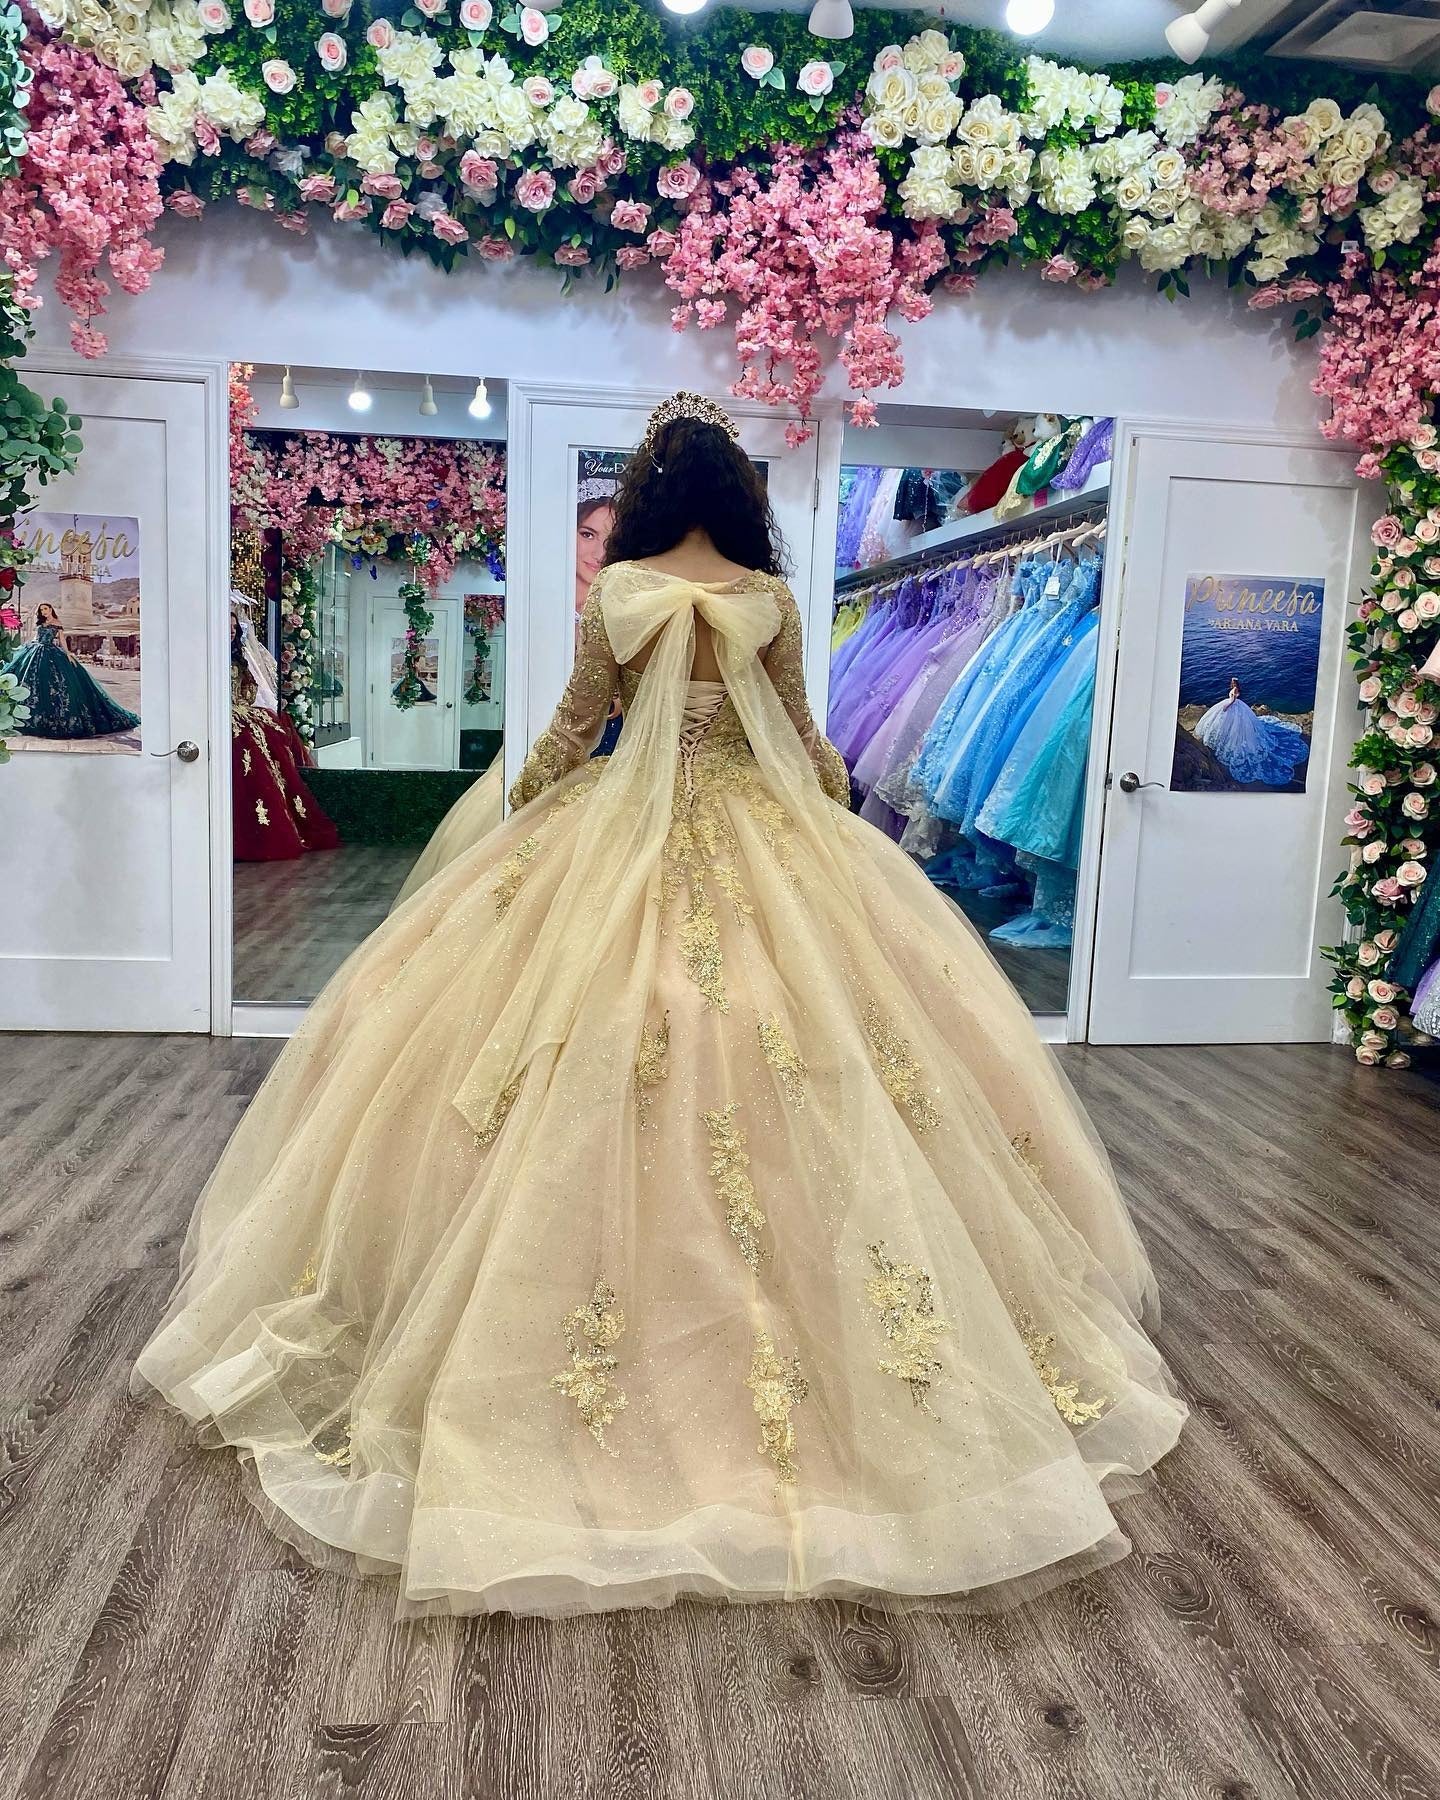 Sweetheart Quinceanera Dresses with Long Sleeves Sparkly Lace Appliques Beaded Tulle Bow Formal Prom Party Gowns Sweet 16 Dress Princess Ball Gown
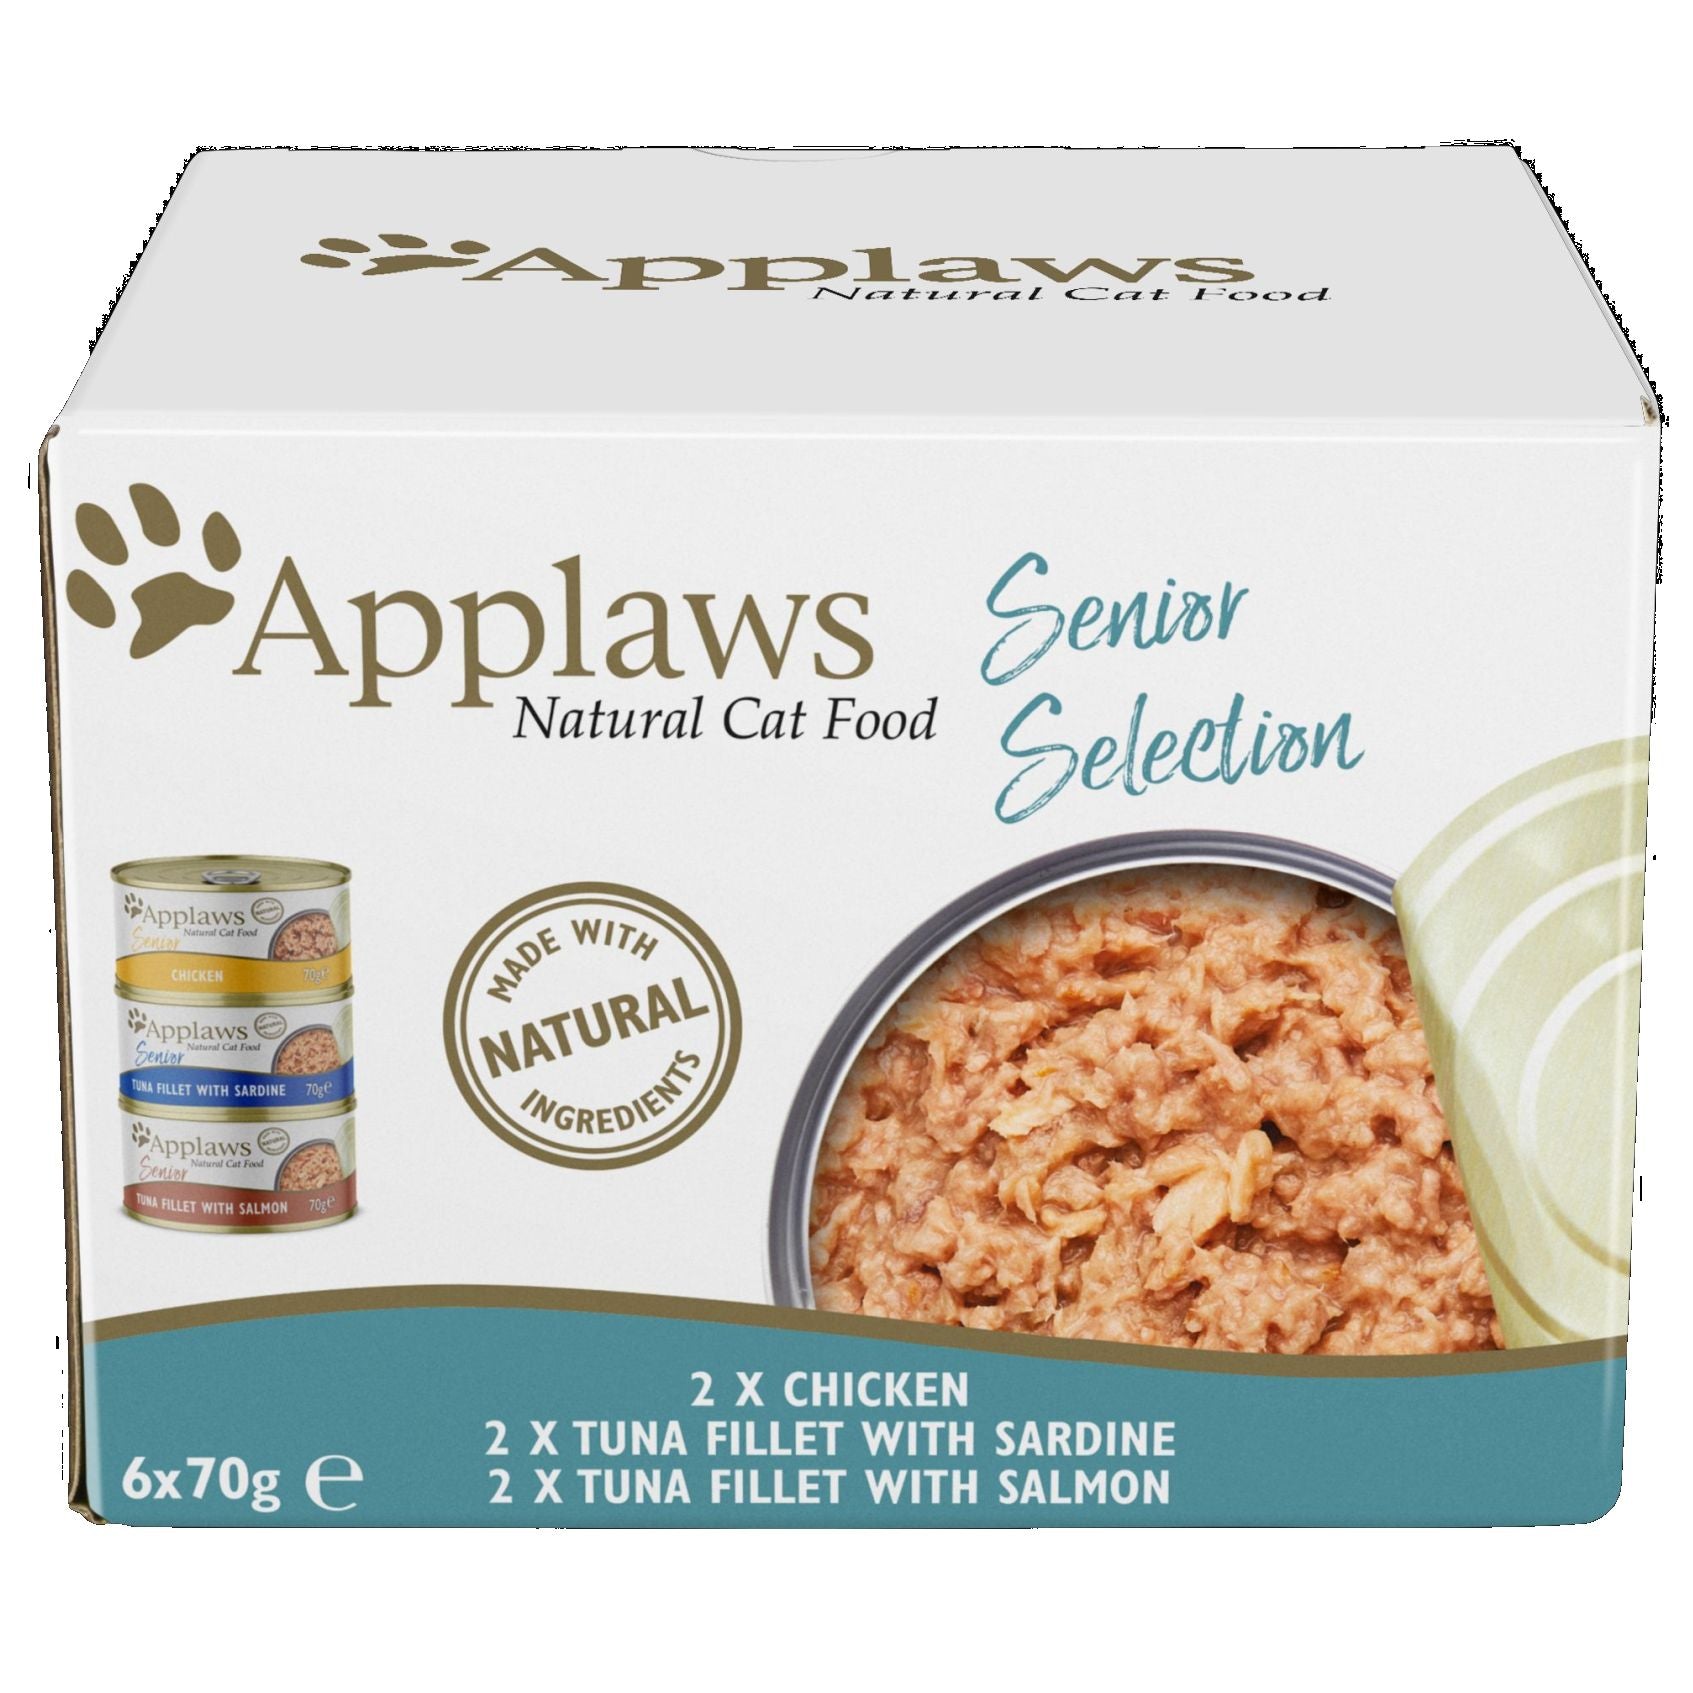 Applaws senior multipack selection 6 x 70g tins
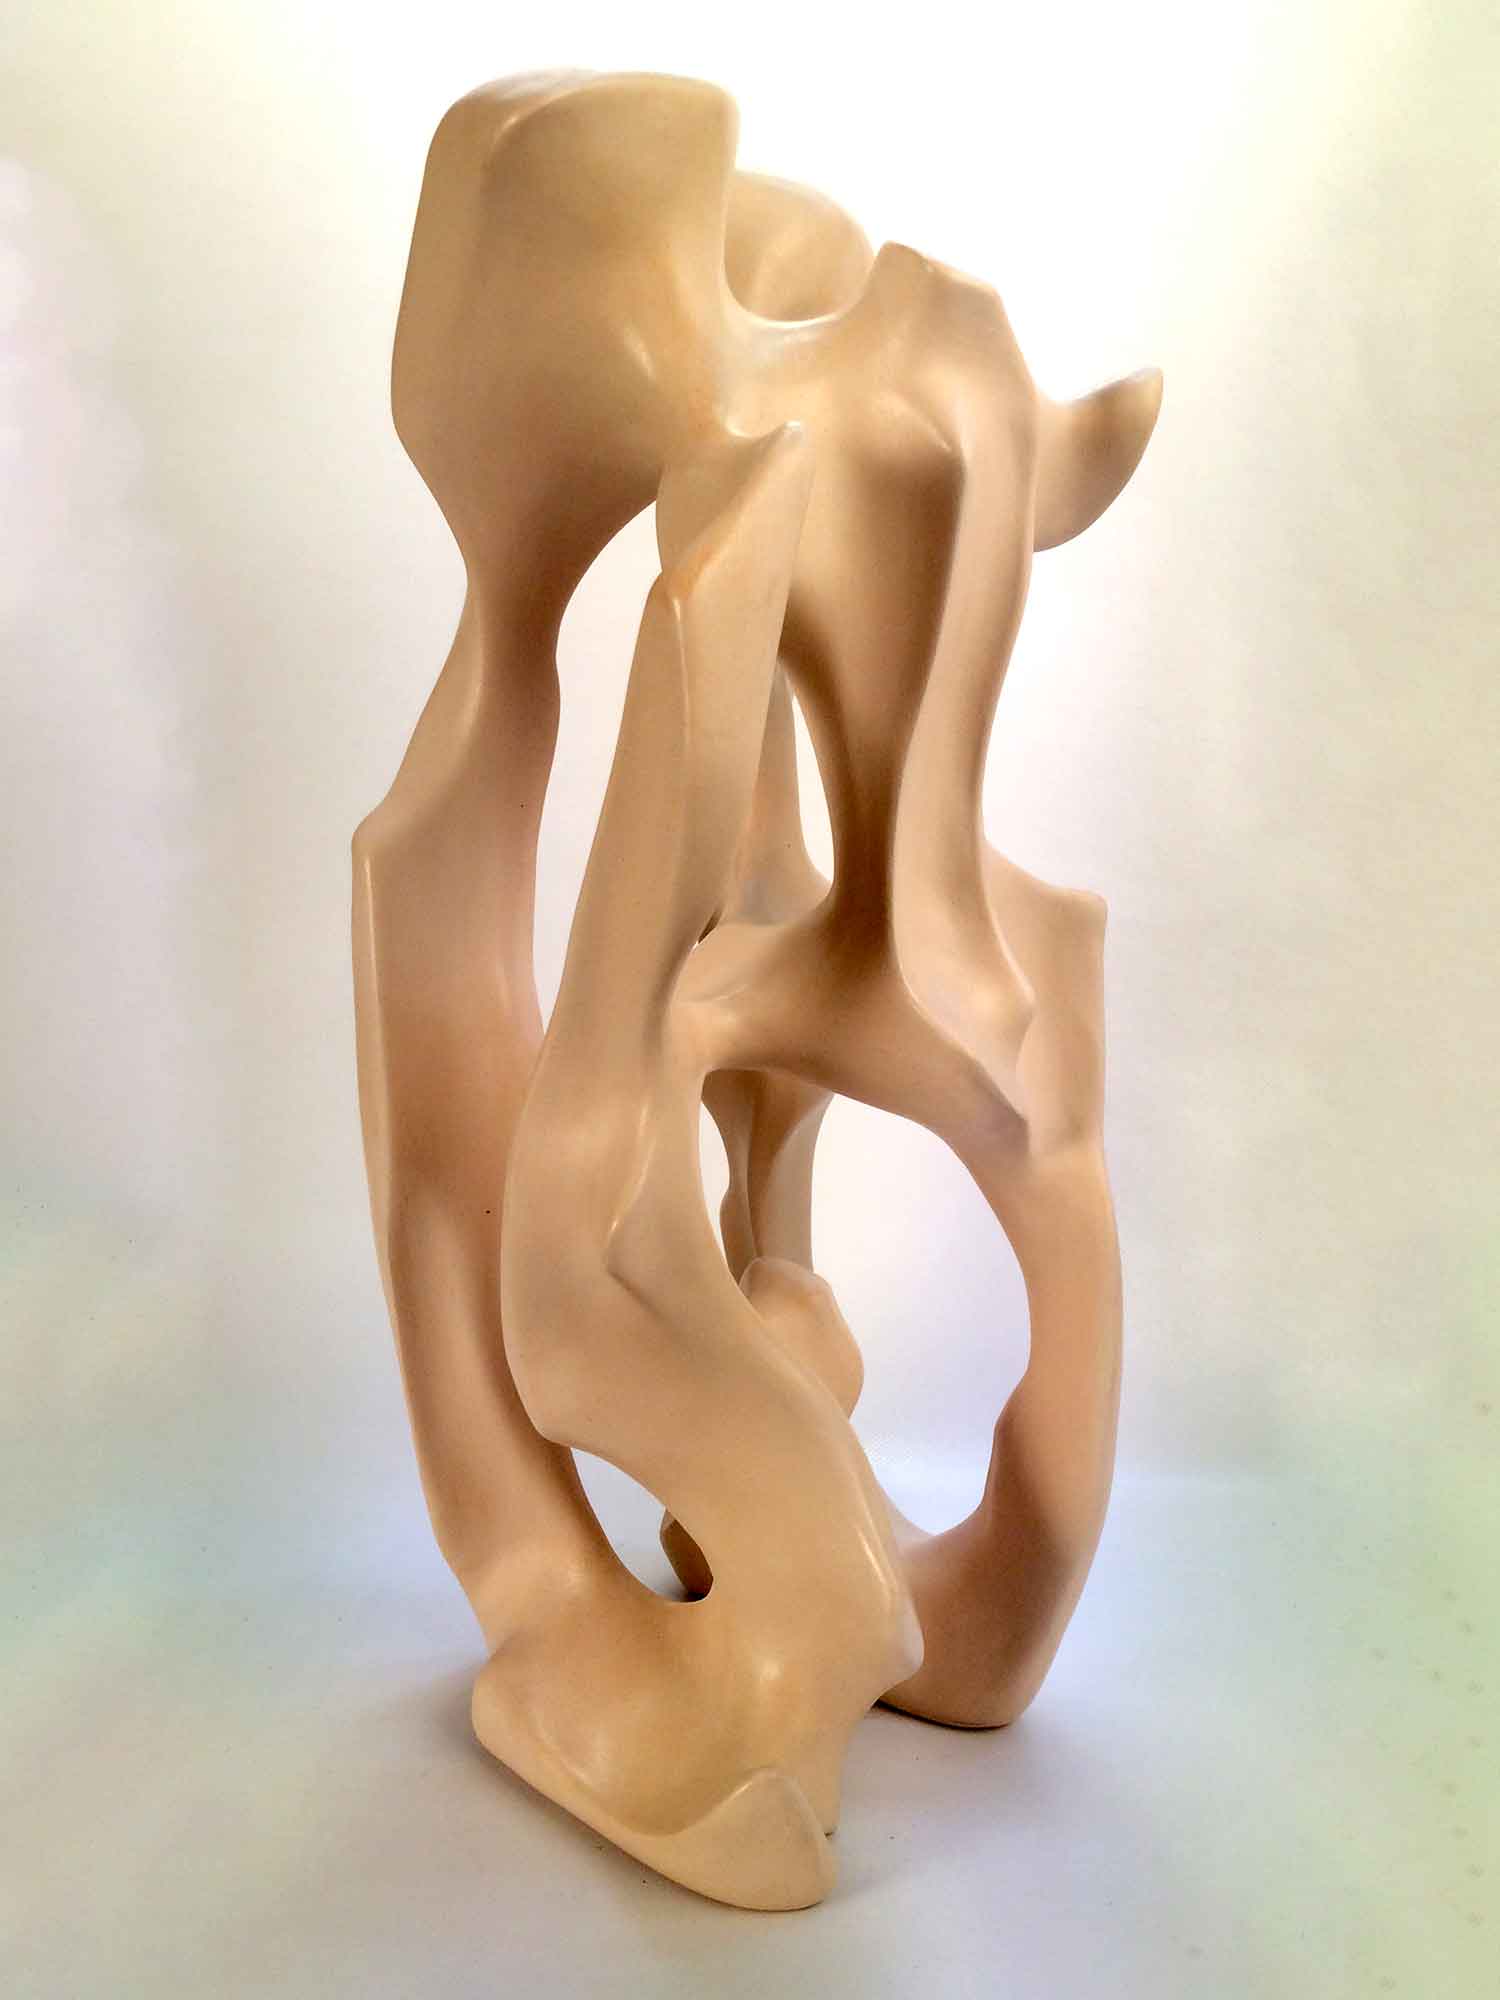 Sculpture with organic forms
○ ○ ○ ○ ○ ○ ○
* **WHAT YOU WILL DO**
Output the span from the line with "Applaws senior multipack" through the last line of the data, inclusive and exact, and omit every picture.

* **ANSWER BELOW**
 Applaws senior multipack selection 6 x 70g tins
 Sculpture with organic forms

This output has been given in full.